Research and anecdotal evidence tell us that nearly all individuals in prostitution have a history of sexual abuse. As a society we must not affirm that a history of abuse means an individual can or ought to accept a lifetime of abuse in commercial sexual exploitation.

The objective of the new laws, then, is to put an end to sexual exploitation. These new laws represent a paradigm shift in law and policy, and eventually we hope in public attitude toward prostitution.

The Federal Government also carefully considered potential constitutional questions when crafting the laws. The preamble to Bill C-36, which outlines the objectives for the laws, provides an overall context and framework for any future consideration of the laws’ validity. The preamble indicates a clear shift from the treatment of prostitution as public nuisance to treatment of prostitution as sexual exploitation and violence against women. In its’ ruling in Bedford, the Supreme Court of Canada found that the harms imposed by the impugned provisions were “grossly disproportionate” to the laws’ stated objectives of preventing public nuisance and community disruption. The objectives of the laws, which include protecting those who sell sexual services from exploitation, protecting communities from the harms caused by prostitution and reducing the demand for paid sexual services offer a radically different context for constitutional consideration of the new laws.

In crafting the laws, the Federal Government took a big picture view of prostitution, and courageously challenged the long-held assumption that (primarily) men are entitled to paid sexual access to (primarily) women and children. These laws recognize the importance of denouncing and prohibiting the purchase of sexual services, because the demand for paid sex is what funnels individuals into prostitution and fuels sex trafficking both here in Canada, and globally.

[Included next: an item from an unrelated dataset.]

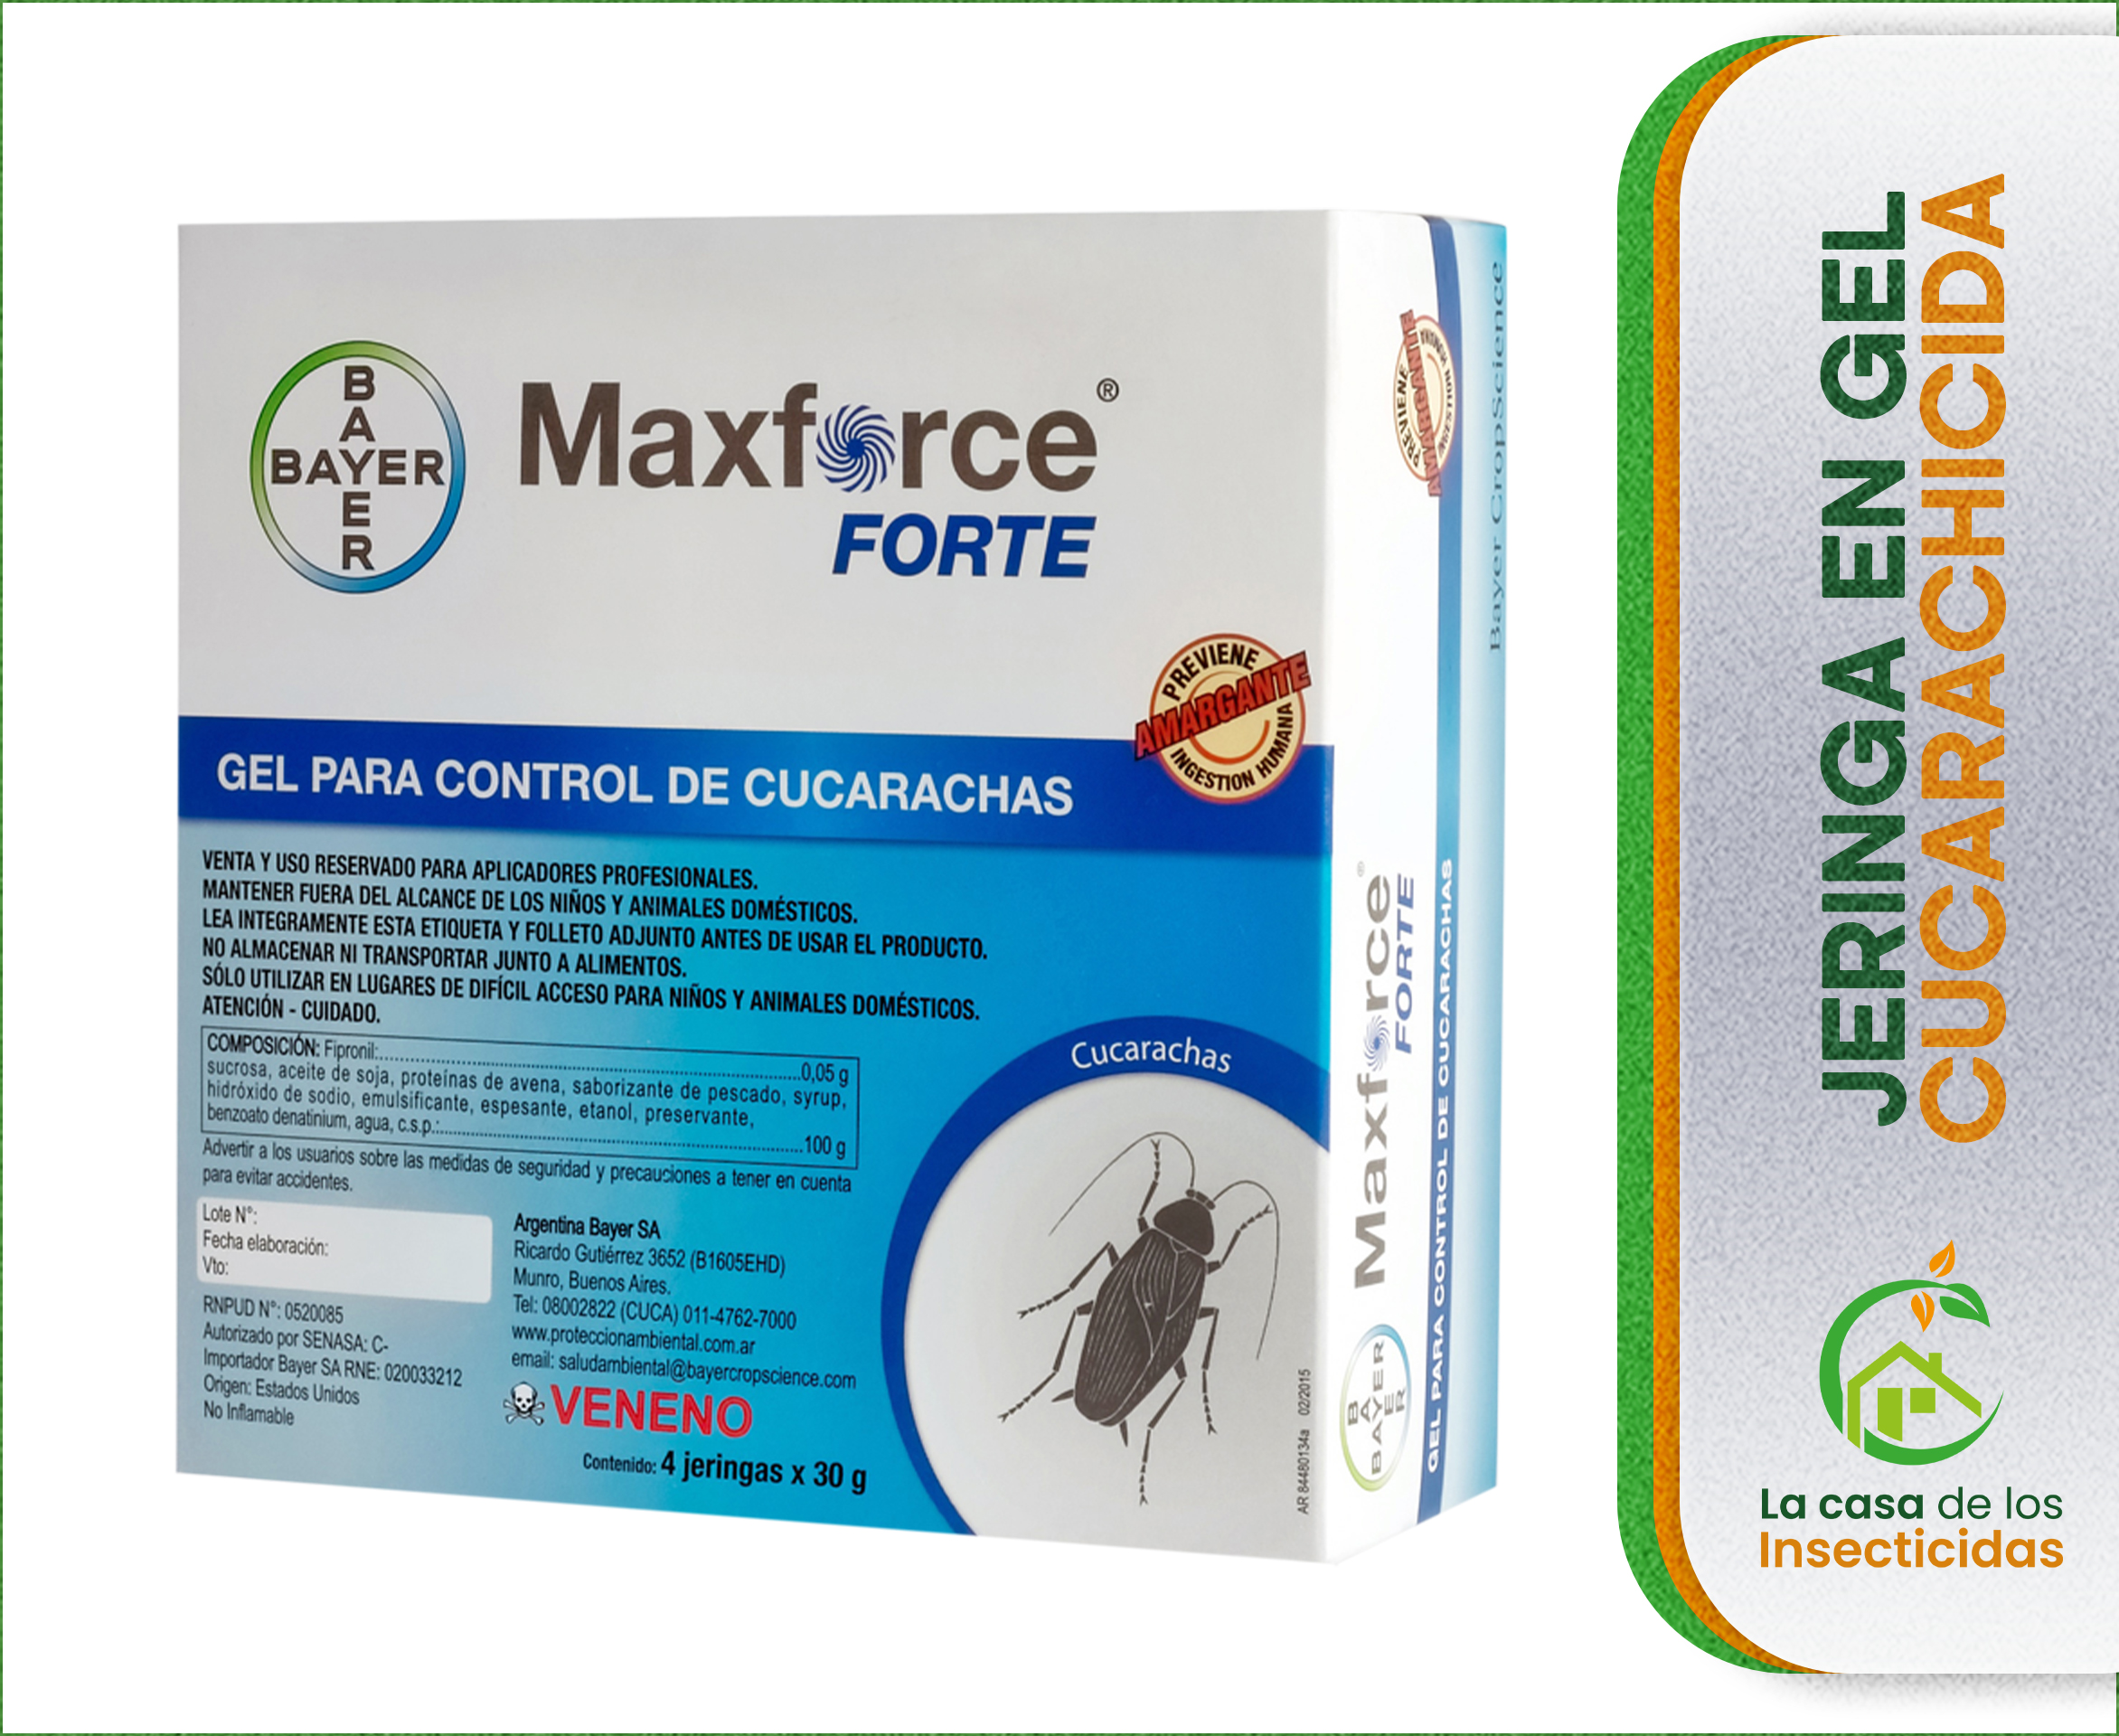 Maxforce Forte gel cucarachicida by Bayer. Hecho en USA.

At the same time, the laws initiate a critical shift in how prostituted persons are viewed in law. Historically, those who are prostituted have been treated as public nuisance. The Federal Government has made it clear that in the spirit and intent of the law, those who are prostituted are to be seen as victims of sexual exploitation, and are therefore afforded immunity from criminal charges, except under specific circumstances.

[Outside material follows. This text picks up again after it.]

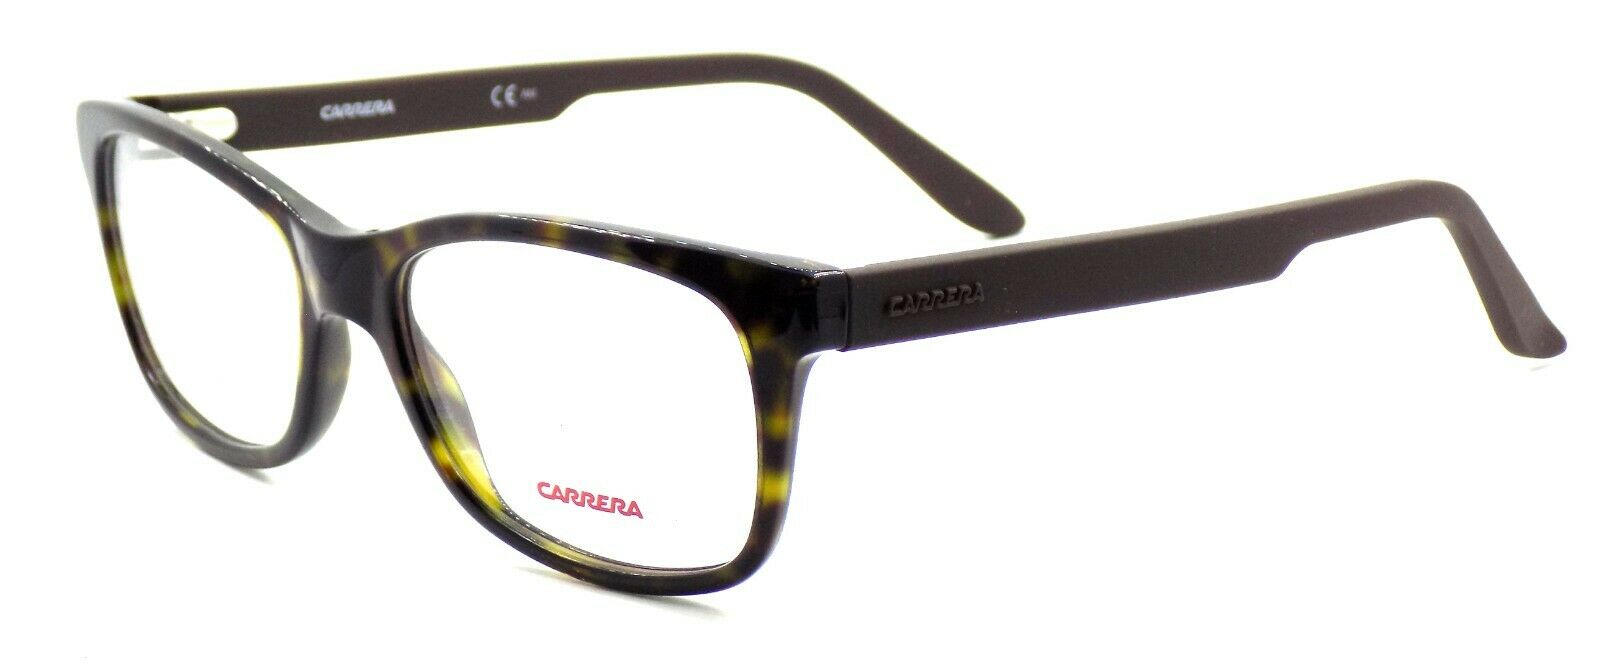 1-Carrera CA6653 GPS Unisex Eyeglasses Frames 52-18-140 Dark Havana Brown + CASE-827886093458-IKSpecs

Criminal laws are not merely penal. They give expression to the social norms that undergird a society. They both express and reinforce the basis commitments that bind a society together. In a very real sense, the law is a teacher. And these new laws will teach coming generations of boys that buying sex is not just illegal in Canada, it is unacceptable, because at its’ core, prostitution is exploitive, violent, and a manifestation of social and gender inequality.

No law is perfect, but the approach taken with these new laws strikes an important balance and best recognizes the danger, harm and abuse inherent in prostitution. And by directly targeting the demand for paid sexual services, they initiate a monumental shift in law and policy that constitutes a victory for women; because all women and girls are safer in a society that chooses to stand up and say no to exploitation.

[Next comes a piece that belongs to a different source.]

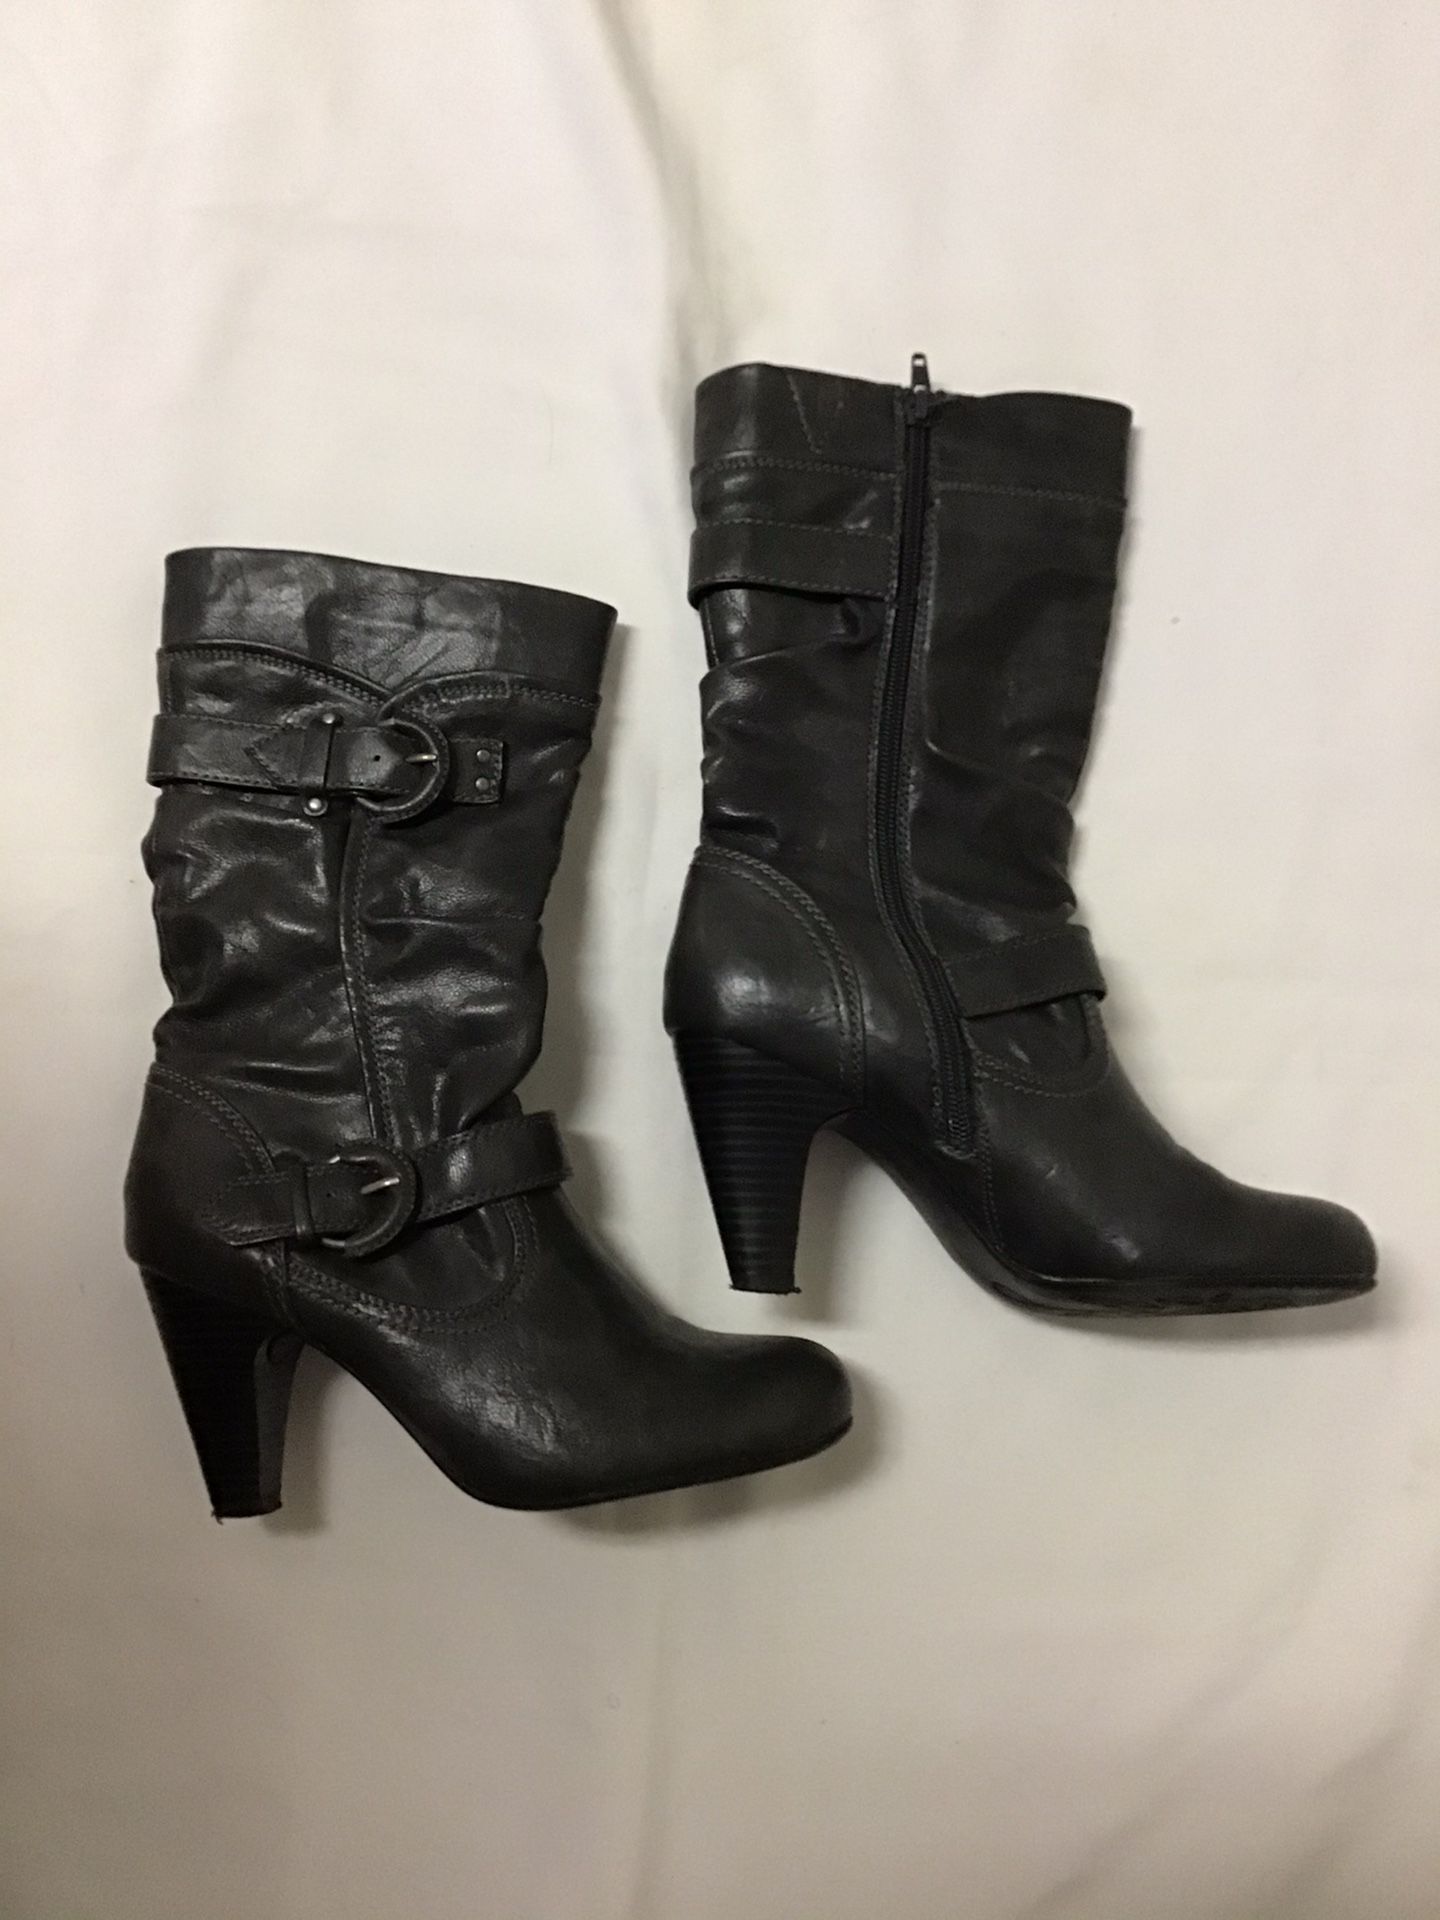 Women’s RIALTO gray mid calf side zip heel boots… Size 7 1/2M

It is important to remember that Bill C-36 includes a provision mandating a five-year review. This means there is a mechanism in place to, at the five year mark, assess the effectiveness of the new laws and make adjustments as needed. We believe the new laws will have a normative effect on how our society views and understands prostitution and sexual exploitation, but this will take time. In the meantime, we urge the Government of Ontario to lend its full support to the new laws and to their enforcement.